The Duchess is the shortest and prettiest of the three courses at Woburn Golf Club. Major competitions, accolades and honours are usually heaped on the Duke's, and more recently, the Marquess courses. Nevertheless, the Duchess is delightful in its own right, and a serious challenge.
Charles Lawrie designed the Duchess, and the course opened for play in 1979. It measures a respectable 6,651 yards from the back tees and it’s tighter, and perhaps less forgiving of the wayward shot than the Duke’s. But all the same, it’s a fine undulating woodland course, carved through pine trees. It will require the full repertoire of shots and, finding the small greens in regulation, is very challenging.
This is definitely a course where you must keep your ball in play. If you manage to do this from the tee, then the rewards can be great. Use your driver sparingly because this is a real thinker’s course. The towering pine trees make each hole appear exceptionally tight. However, on occasions, you will need to go for distance.
There are some great holes on the Duchess, especially the par threes. The 9th, stroke index 2, is a par four, which begins with a long, narrow chute off the tee. Halfway down, everything begins to kick left. The green, a stingy little thing, is close to the trees on the right and fronted by a nasty bunker on the left.
Most of the par threes are quite long and challenging, demanding very straight tee shots. The unusual, 203-yard 7th, has a huge bunker, front and right, and danger to the left. An historic ridge – the remains of an ancient Danish settlement – runs diagonally across the hole and will push anything short and left into the forest.
The 15th, a 485-yard doglegged par five, is a typical Duchess shot-maker’s delight. Anything other than an arrow-straight drive ends up in the trees. A short drive leaves a blind second shot. The left-sloping fairway runs downhill, then rises sharply to a two-tiered green.
The Duchess fits into the Woburn family exceptionally well – it’s a real gem.
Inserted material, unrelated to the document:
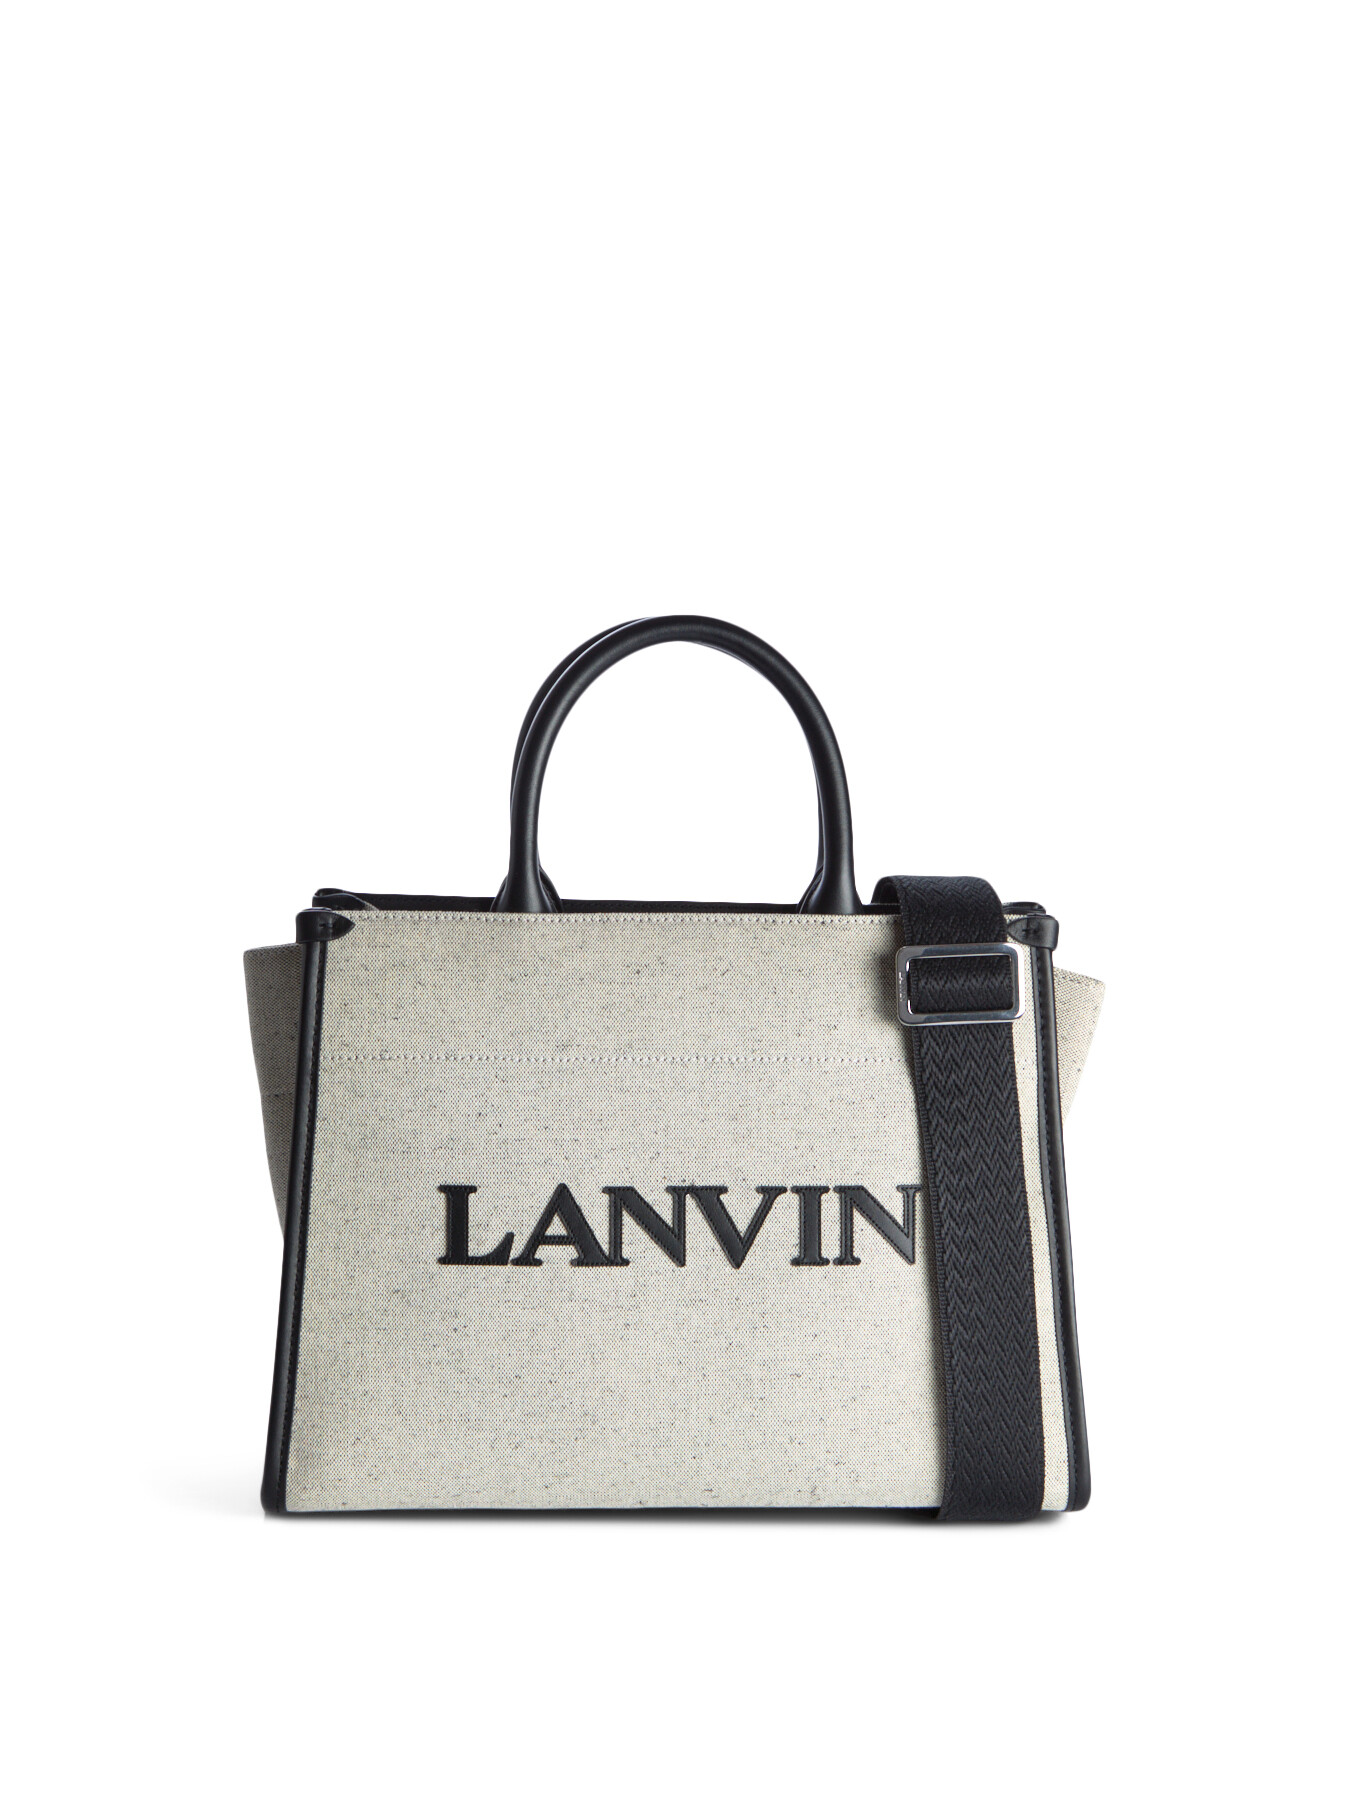 Lanvin Women's Tote Bag Pm Multi In Grey

In our opinion, the Duchess is as good, if not better, than the Duke’s and the Marquess.
I played the Duchess course on a late October day, mild but misty and damp. I'd not played at Woburn for a few years but the experience was as good as I remembered, friendly, helpful staff and top notch facilities. Even with a 1300 tee time we had the course to ourselves, able to enjoy the experience of walking the tree lined fairways heavy with the scent of pine. As other reviewers have said the Duchess is the shortest of the three Woburn courses but makes up for it with tighter fairways and small greens, all immaculate with tee boxes that look like carpet. I personally didn’t think the fairways especially narrow, only the wildest of drives will mean you're searching the trees or reloading. What’s key to a good score is ensuring you are in the right place on the fairways; it’s all too easy to rip a good drive only to have a tree blocking you or playing your next shot from an incline. There is a good mix of long and shorter par 4’s; I thought they were the best holes on the course. The only slightly disappointing element was the greens, quite slow albeit very true, I’m putting it down to the weather and time of year. IRC
Woburn can boast no less than three golf courses that all regularly feature in the various Top 100 rankings.
That in itself is unique but what impresses me the most whenever Woburn is debated is that if you ask three different people which course they prefer you are likely to receive three different responses.
The Duchess starts off in scintillating fashion with a couple of absorbing holes and has a much better and compelling routing than the Duke’s. The course is also slightly more undulating as well as being shorter in length.
Many also say it’s much tighter but, whilst it possibly is a little bit, I didn’t think this was too noticeable. That said it’s still a course where you must keep your ball in play! The greens are certainly smaller too and, with the exception of a couple, much flatter.
The par four opener has a particularly narrow fairway that starts to gradually tumble down approximately 150 yards short of the green before rising back up steeply to the ‘dance floor’ at the same level as most of the fairway. Whilst the par three second has the most wonderful green setting, deeply seated amongst tall pines, with a narrow and twisting putting surface protected by three bunkers.
The remainder of the course doesn’t quite live up to this early billing but there are many more fine holes to come, especially amongst the closing stretch. Indeed I was very impressed with the final third of the course which has a lovely mix of holes and requires both length and finesse. The 11th and 12th also work nicely together and whilst not stand-out holes play very well.
Ed is the founder of Golf Empire – click the link to read his full review.
This is a very pretty and lovely course. Not long by any means, but really quite narrow! The par 3 2nd is a good example of that, you can't afford any bit of lateral movement to the ball. Leave the driver in the bag and enjoy that course for what it is. The routing with the other courses around is a little disturbing, but the place is well marked. And offers some excellent facilities. Lucky members these are!